Feature | March 27, 2012

Study Shows Significant Mismatch Between Angiography, FFR Evaluation

The hemodynamic flow effect of a plaque rupture, as detected by FFR.

March 24, 2012 Coronary angiography is unable to accurately predict the severity of vessel narrowing, suggesting fractional flow reserve (FFR) functional tests should be added to help determine if a patient needs revascularization. This was according to research presented from the IRIS FFR-DEFER trial at the American College of Cardiology's (ACC) 61st Annual Scientific Session this week in Chicago. 

Seeking to improve physicians’ decision-making process when determining if a patient needs revascularization, a South Korean research team compared two different methods of evaluating arterial narrowing: coronary angiography and FFR. Currently, coronary angiography is commonly used to determine the need for revascularization, while FFR is included in practice guidelines but less frequently utilized. FFR uses an catheter probe to measure the level of blood flow before and after a stenotic lesion to determine how much the narrowing is affecting arterial function.

Specifically, the team wanted to determine why there is often a discrepancy, called a “visual-functional mismatch,” between the findings of these tests when performed on the same vessel.

“There are often notable discrepancies between the angiographic diameter stenosis and the physiologic significance of the lesion,” said lead investigator Seung-Jung Park, M.D., Ph.D., professor of medicine at Asan Medical Center in Seoul, South Korea. 

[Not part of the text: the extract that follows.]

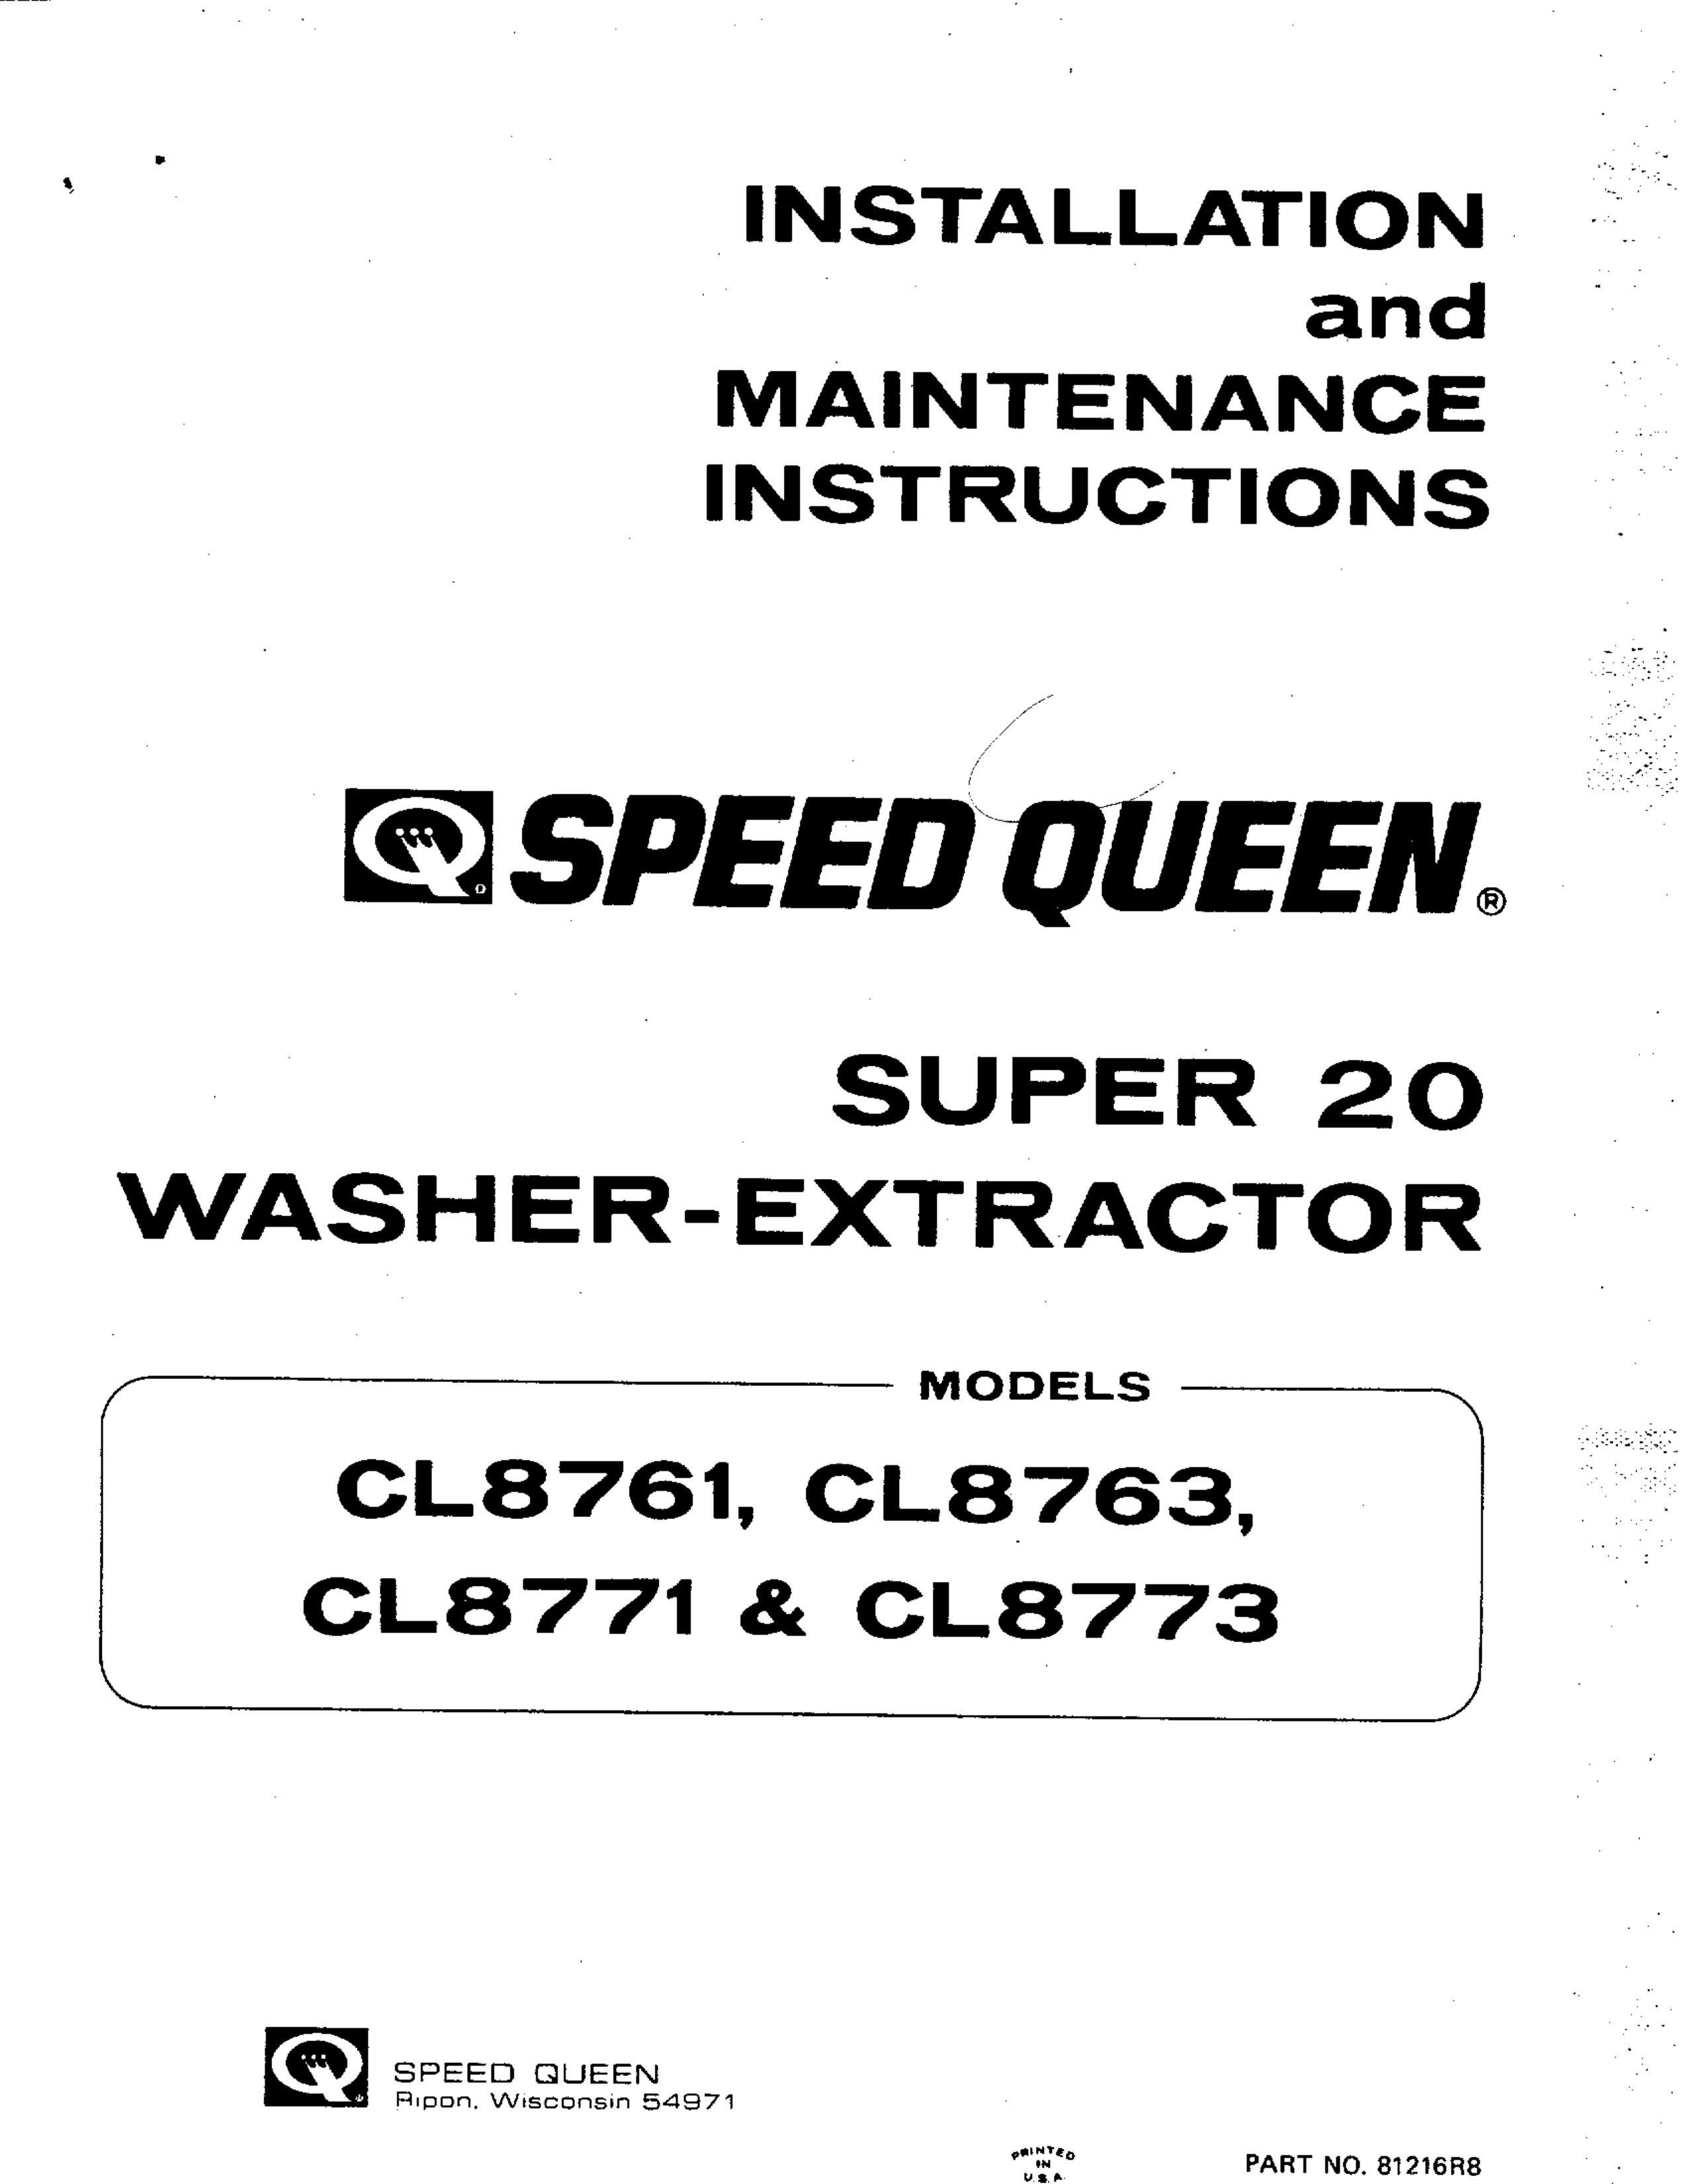 Speed Queen CL8773 Washer/Dryer User Manual

“We conducted the study to provide a comprehensive understanding of the factors responsible for this ‘visual-functional mismatch,’ which we believed would be helpful to overcome interventionalists’ excessive preoccupation with using angiography to decide whether to treat or not to treat,” he said. 

The researchers enrolled 1,000 patients with 1,129 lesions between November 2009 and June 2011 at a single center in Seoul, South Korea. Sixty-three patients had left main coronary artery (LMCA) lesions (a more complex type of narrowing; number of lesions=63), while 937 patients had non-LMCA lesions (number of lesions=1,066). The researchers completed three tests on each lesion: coronary angiography, FFR and intravascular ultrasound. They then examined the occurrence of visual-functional mismatch and analyzed the factors that led to the discrepancies between coronary angiography and FFR. 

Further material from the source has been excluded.